Давно пора отвергнуть также взгляд на Чехова только как на поэта безвременья, изобразителя «лишних людей» и т. п. Живописуя пошлость и борясь с пошлостью, Чехов несомненно подымается надо своим временем. Нельзя смотреть на Чехова и только как на художника, лишенного будто бы собственного мировоззрения, как это утверждали многие, в том числе и Л. Н. Толстой. Мировоззрение у Чехова было, и сейчас оно вырисовывается для нас довольно ясно. Мировоззрение это было научное.

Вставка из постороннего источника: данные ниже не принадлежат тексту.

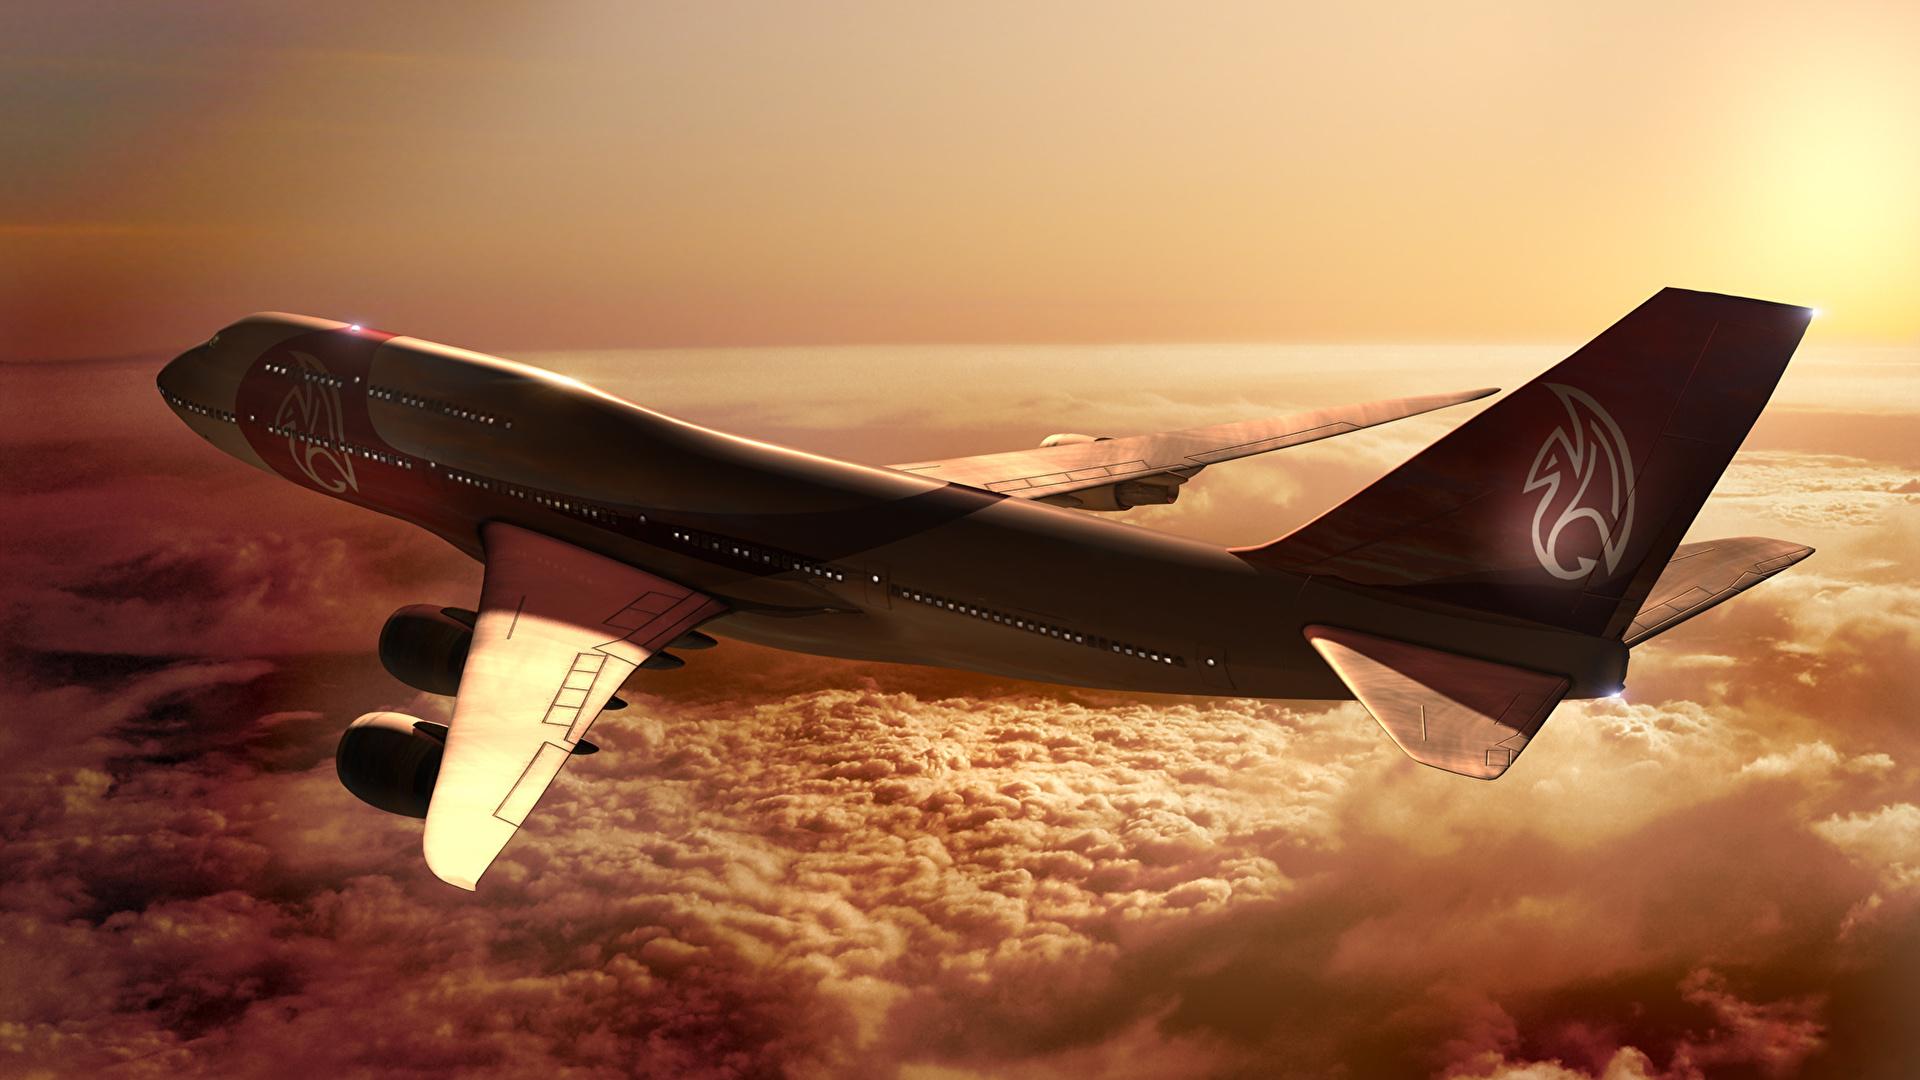 Обои boeing 747. Авиация foto 16

Чехов был идеалист, как почти все русские его эпохи, и героям его свойственно было мечтать о «небе, усыпанном алмазами». Однако идеализм Чехова, в противоположность идеализму Л. Н. Толстого, был, если можно так выразиться, гораздо более «почвенным». Мечтая о звездах, Чехов чувствовал землю под ногами, и в этом отношении он ближе к нашей эпохе, чем Толстой. Как герой рассказа «Скучная история», Чехов верил, что «наука – самое важное, самое прекрасное и нужное в жизни человека, что она всегда была и будет высшим проявлением любви и что только ею человек победит природу и себя». Его мечты о счастье – совершенно конкретны. «Моя святая святых, – писал А. П. Чехов в письме к поэту Плещееву, – это человеческое тело, здоровье, ум, талант, вдохновение, любовь и абсолютнейшая свобода, свобода от силы и лжи, в чем бы последние две ни выражались»>101. Отношение интеллигенции к народу должно строиться не на сентиментальной идеализации мужика и на филантропии, а на «расчете, знании и справедливости», как выражается доктор Соболь в рассказе «Жена». Надо делать, надо изменить существующий строй, надо оснастить мужика и рабочего знаниями, надо дать народу проявить свою силу, надо помочь трудовым людям занять равноправное положение в обществе и государстве.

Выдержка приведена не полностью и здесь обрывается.